Up on deck, the rest of us took the opportunity to have a science briefing from Emily Penn and Diana. After dinner was served in the cockpit, a wonderful curry made by Lisa and Katrina hit the spot and brought us together. After the washing up, many were feeling quite tired by a morning of labour and afternoon spent in the hot Brazilian sun. With thoughts of brushing teeth, reading, journaling and sleep creeping into our minds, we were ready to call it a day and reset tomorrow.

It was then that I noticed a seemingly different relationship of boat to land. Calling down the companionway to the crew I alerted them to my observation. They determined that the boat was in fact dragging on its anchor. This combined with our out of order engine resulted in an all hands on deck order. Our Skipper stern but unconcerned.

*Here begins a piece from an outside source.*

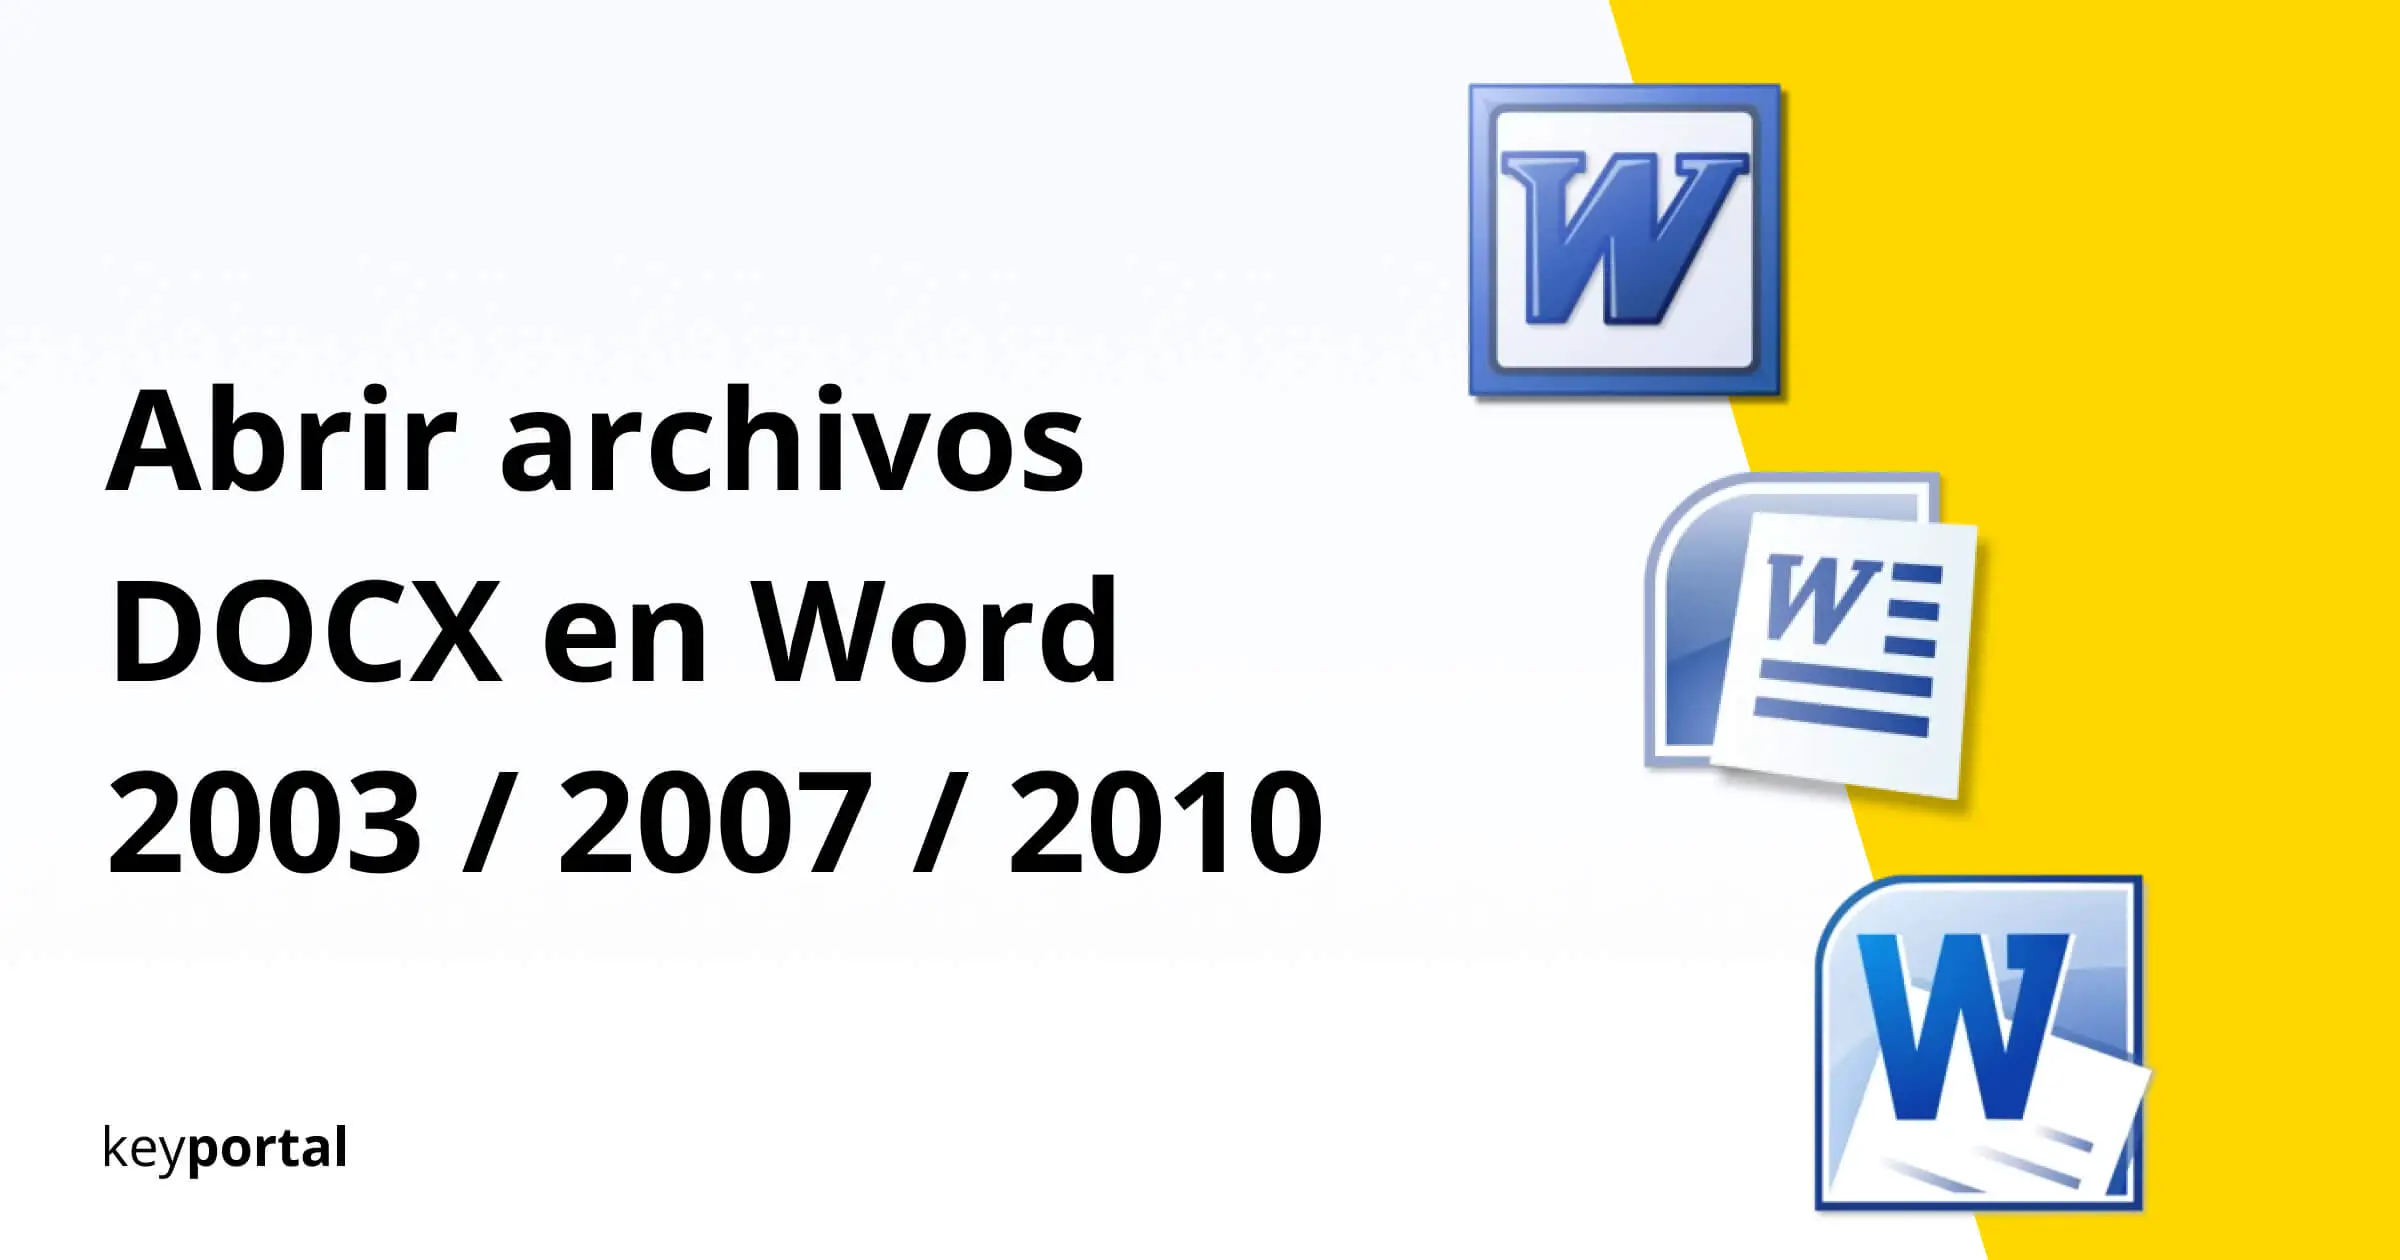 Abrir archivos DOCX en Word 2003 2007 / 2010 - keyportal.es
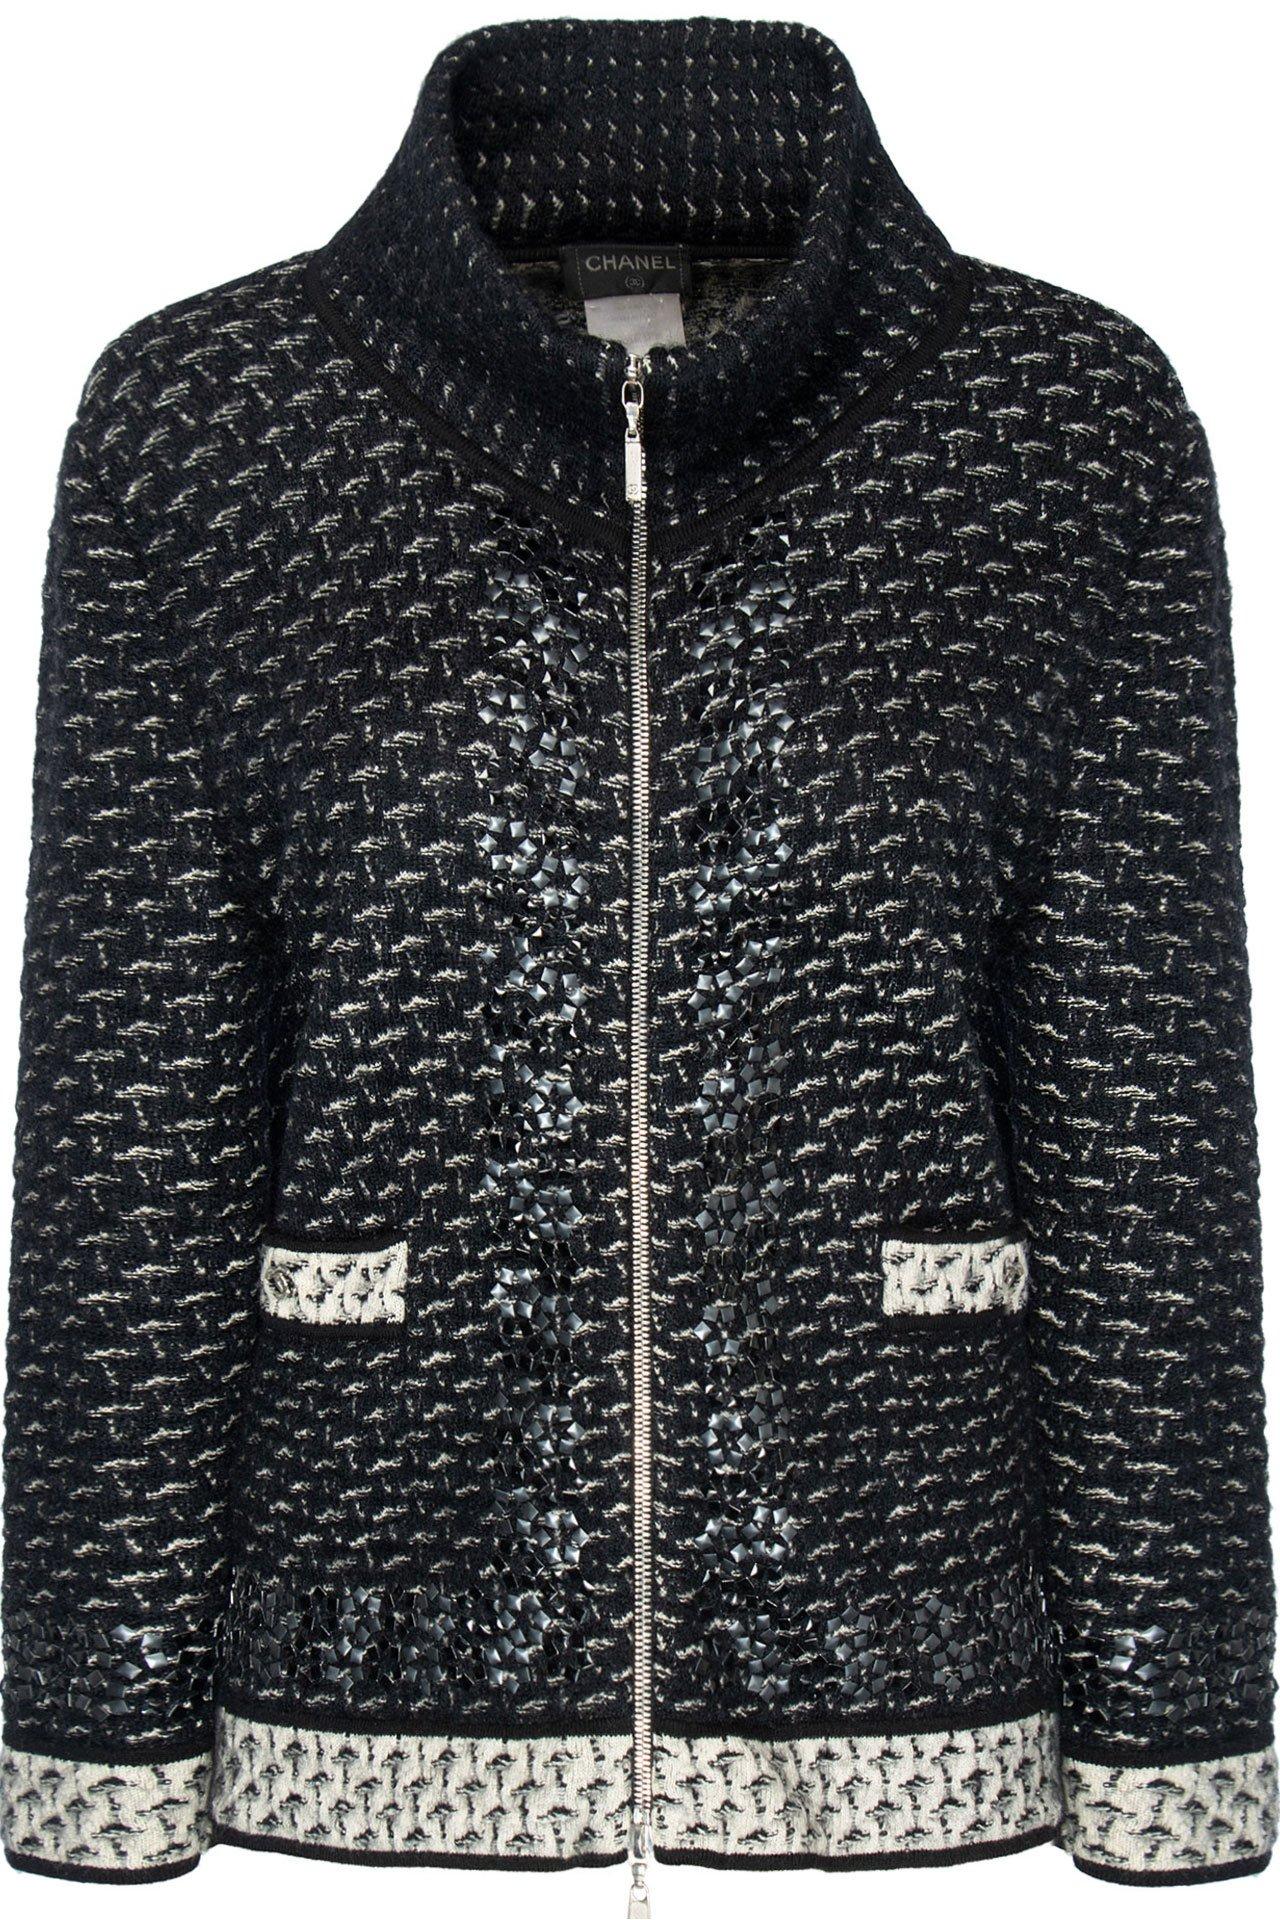 Chanel Black Cashmere Embellished Jacket For Sale 2

Within minutes everyone was in lifejackets and torches on, helping to re-deploy the dinghy which only only earlier we had neatly stowed. The crew reset the anchor.

I might reiterate that we have yet to even leave! Ascension Crew (previous crew) had the insect invasion, we were experiencing our own trial by fire. I questioned whether or not I should be worried, but I am decidedly not. The Skipper Imogen, First Mate Emily, And Second Mate Holly are all confident, competent amazing and clear under pressure.

So even though our sailing plan has not started smoothly I would say our crew is learning to work together extremely well. I can see that by the time we reach shore in Guyana we will be nothing short of a well oiled machine. Hopefully setting sail is not far off.